# macOS Dashcam Viewer released!



## komocode (Sep 22, 2017)

You can view the three angles simultaneously, quickly scrub through all of your clips in one swipe, and export the clips into a single file.

*NOTE: 1.0.1 update was just approved a few minutes ago that fixes a crash related to video clips saved from a 2019.16.x firmware car. It should be going live in a few hours.*


----------



## Vidya (Aug 13, 2018)

Did you got HW3 testers?.


----------



## mr_boobs_83 (May 13, 2019)

Aw man, if i had mine already I'd beta test. It would be amazing if you could port this to iOS for use with usb keys with lightning connectors! Awesome work


----------



## komocode (Sep 22, 2017)

Vidya said:


> Did you got HW3 testers?.


just got videos from a HW3 customer. will work on it this week.


----------



## komocode (Sep 22, 2017)

mr_boobs_83 said:


> Aw man, if i had mine already I'd beta test. It would be amazing if you could port this to iOS for use with usb keys with lightning connectors! Awesome work


i was thinking about the lightning usb flash drives but the number of people that own that drive is small. i'll wait until iOS 13 comes to see if they support generic flash drives (at least for the USB-C on the iPad Pro)


----------



## DocScott (Mar 6, 2019)

I just downloaded it, and it's a great start! But how do you export multiple clips in to a single file? It seems like it's just going to export a one-minute clip with three views.


----------



## komocode (Sep 22, 2017)

DocScott said:


> I just downloaded it, and it's a great start! But how do you export multiple clips in to a single file? It seems like it's just going to export a one-minute clip with three views.


Hi,

Thanks for downloading!

There is no way to export multiple 1 minute segments. It only exports multiple angles into one 1-minute file.
I thought about adding a way to combine multiple 1-minute segments, but I've found that exporting multiple 1-minute segments and then dropping it into iMovie would be the easiest. Though, I would love to hear your feedback on how you would want to change this.


----------



## BenB (Apr 17, 2019)

I downloaded it earlier today. Do you have any plans to have a date picker as a part of the app? I don't clear out my drive very often so it would be great to just jump to yesterday / today to view those videos. Thanks.


----------



## komocode (Sep 22, 2017)

BenB said:


> I downloaded it earlier today. Do you have any plans to have a date picker as a part of the app? I don't clear out my drive very often so it would be great to just jump to yesterday / today to view those videos. Thanks.

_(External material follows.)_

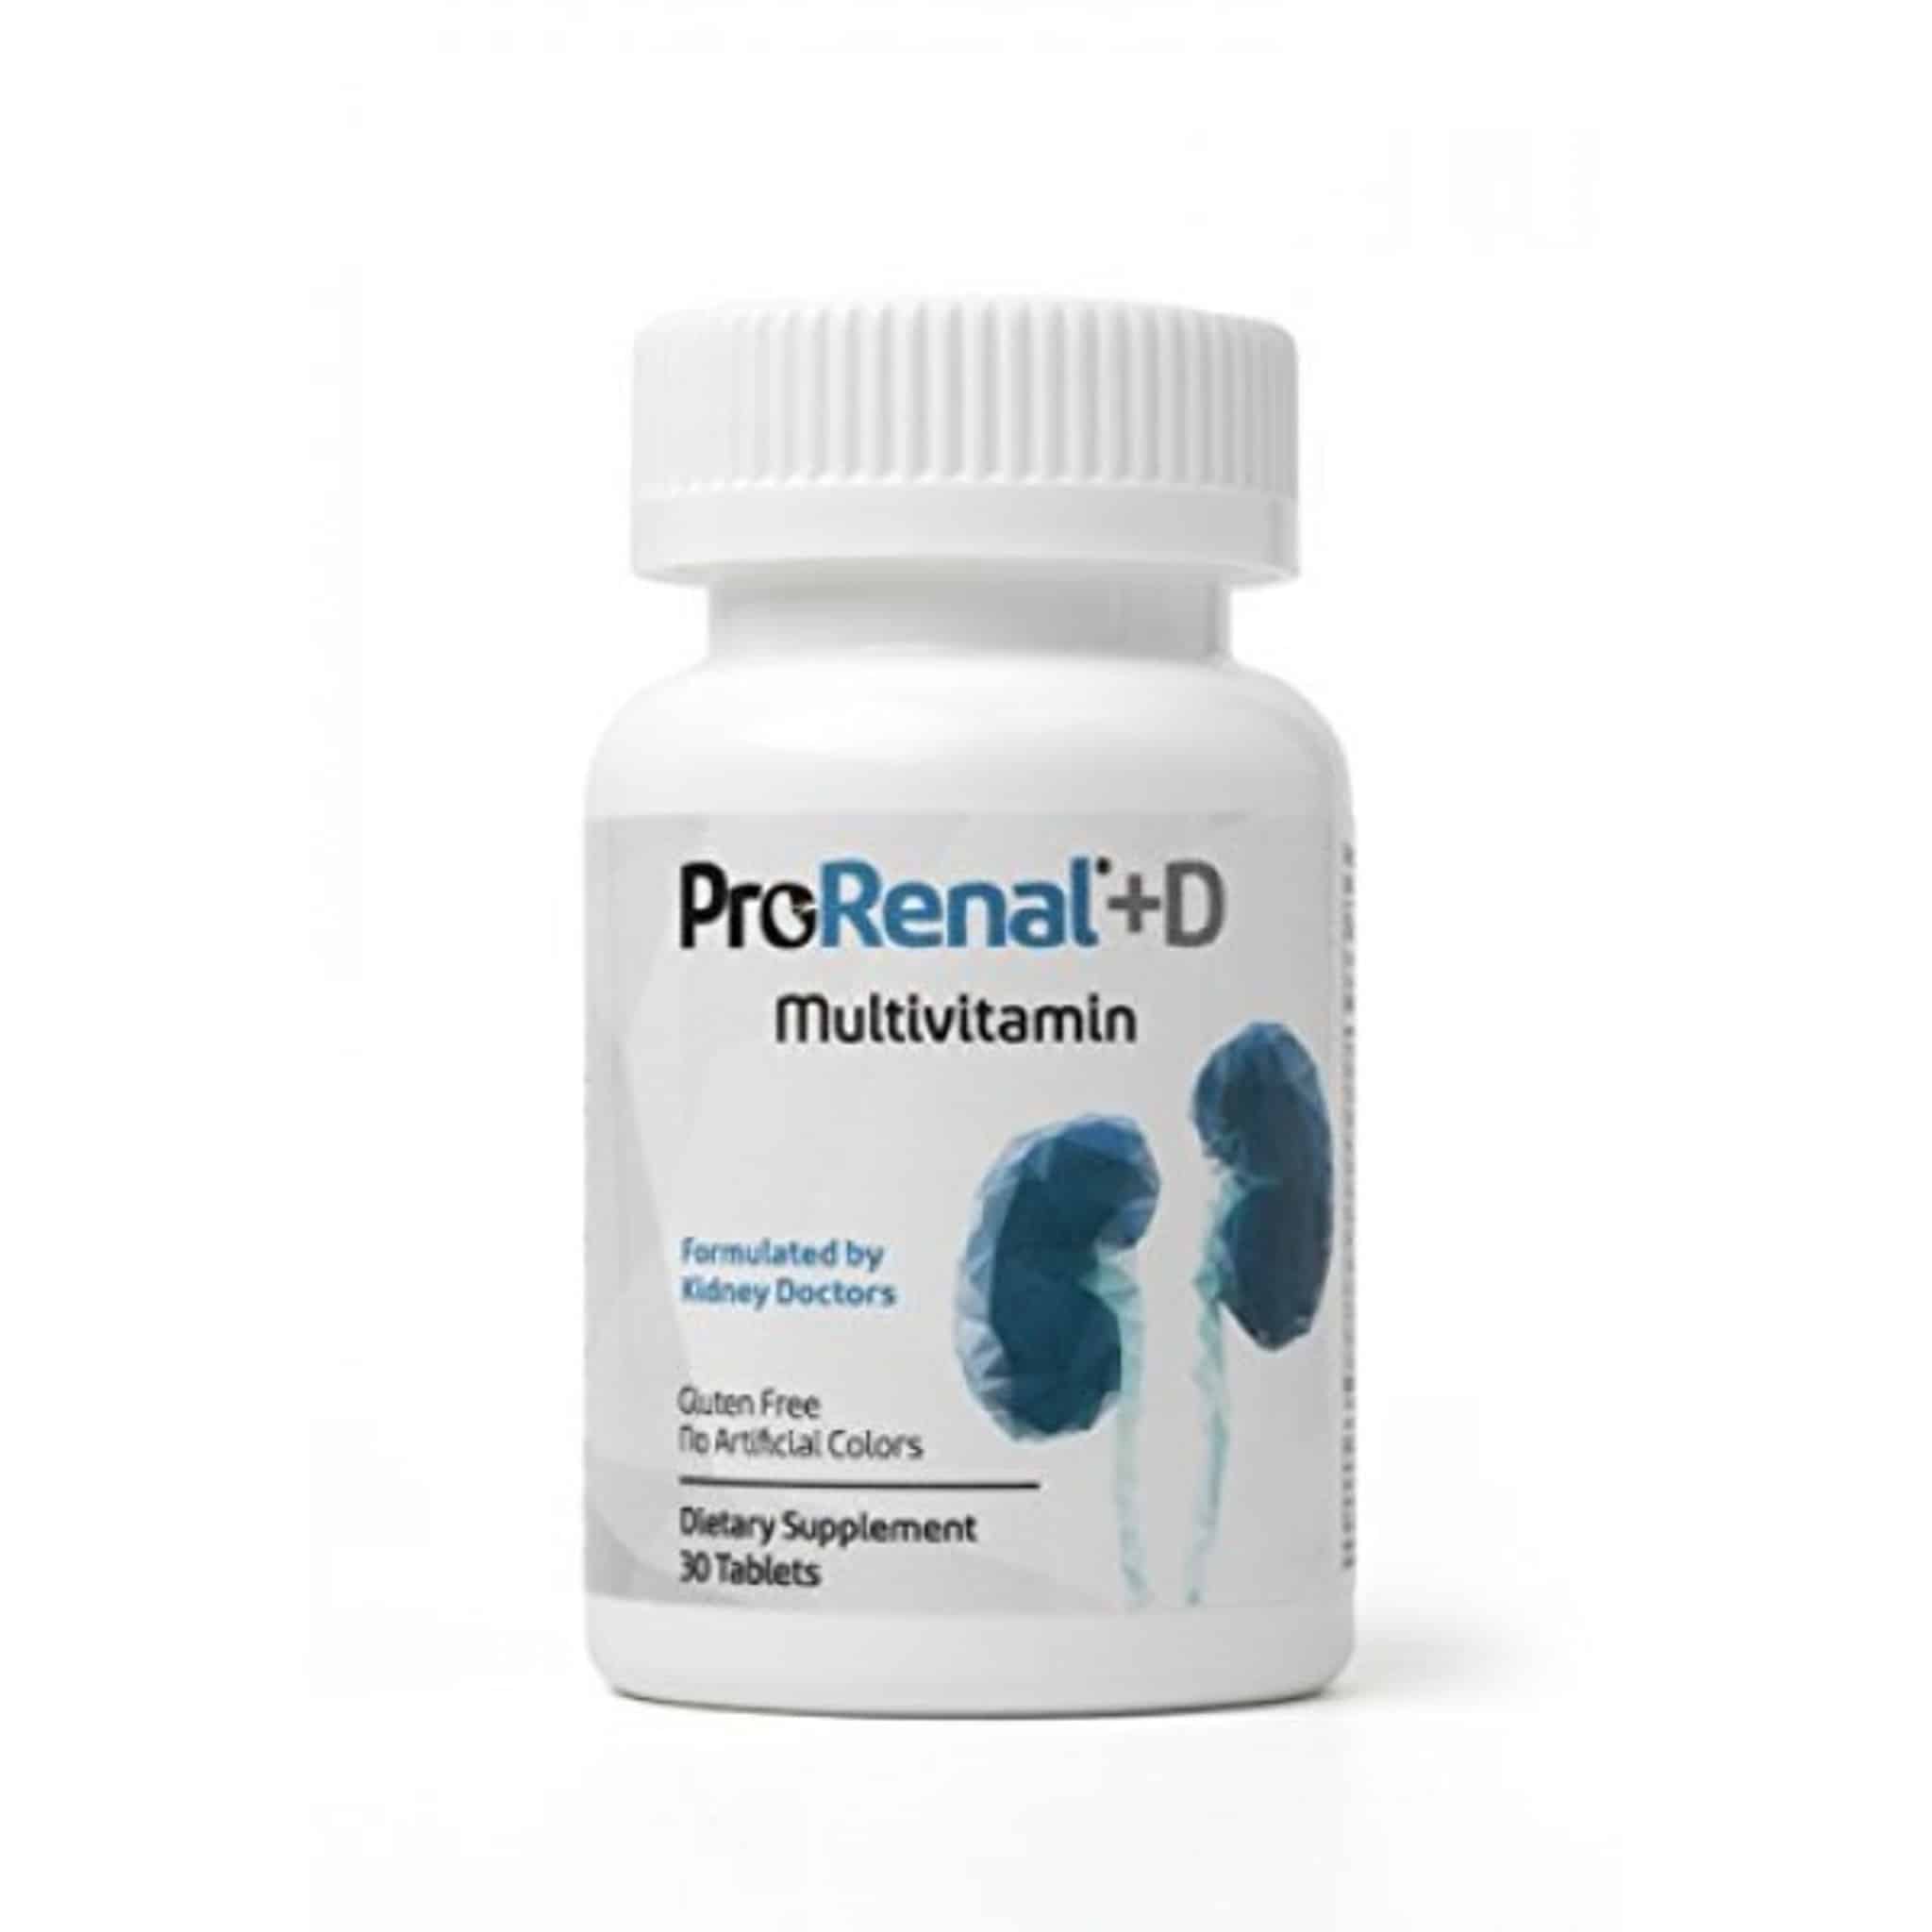 ProRenal+D Multivitamin Daily Multivitamin for Kidney

Good idea. I'll add in a future update. For now, you can press left or right arrow keys to skip to the next video set, or just scrub the global timeline to the next day (it's sorted in chronological order)


----------



## DocScott (Mar 6, 2019)

Another feature I would really like is fast-forward.


----------



## sduck (Nov 23, 2017)

Got the update this morning, now it works. Nice little app! Two features that would make it much better - the ability to choose which file(s) to view, from a drop down list or whatever; and a way to speed up, like the quicktime controls - 2x, 5x, 10x, 20x,


----------



## komocode (Sep 22, 2017)

sduck said:


> Got the update this morning, now it works. Nice little app! Two features that would make it much better - the ability to choose which file(s) to view, from a drop down list or whatever; and a way to speed up, like the quicktime controls - 2x, 5x, 10x, 20x,





DocScott said:


> Another feature I would really like is fast-forward.


it now has 1x, 2x, and 5x playback with today's 2.0.0 update.


----------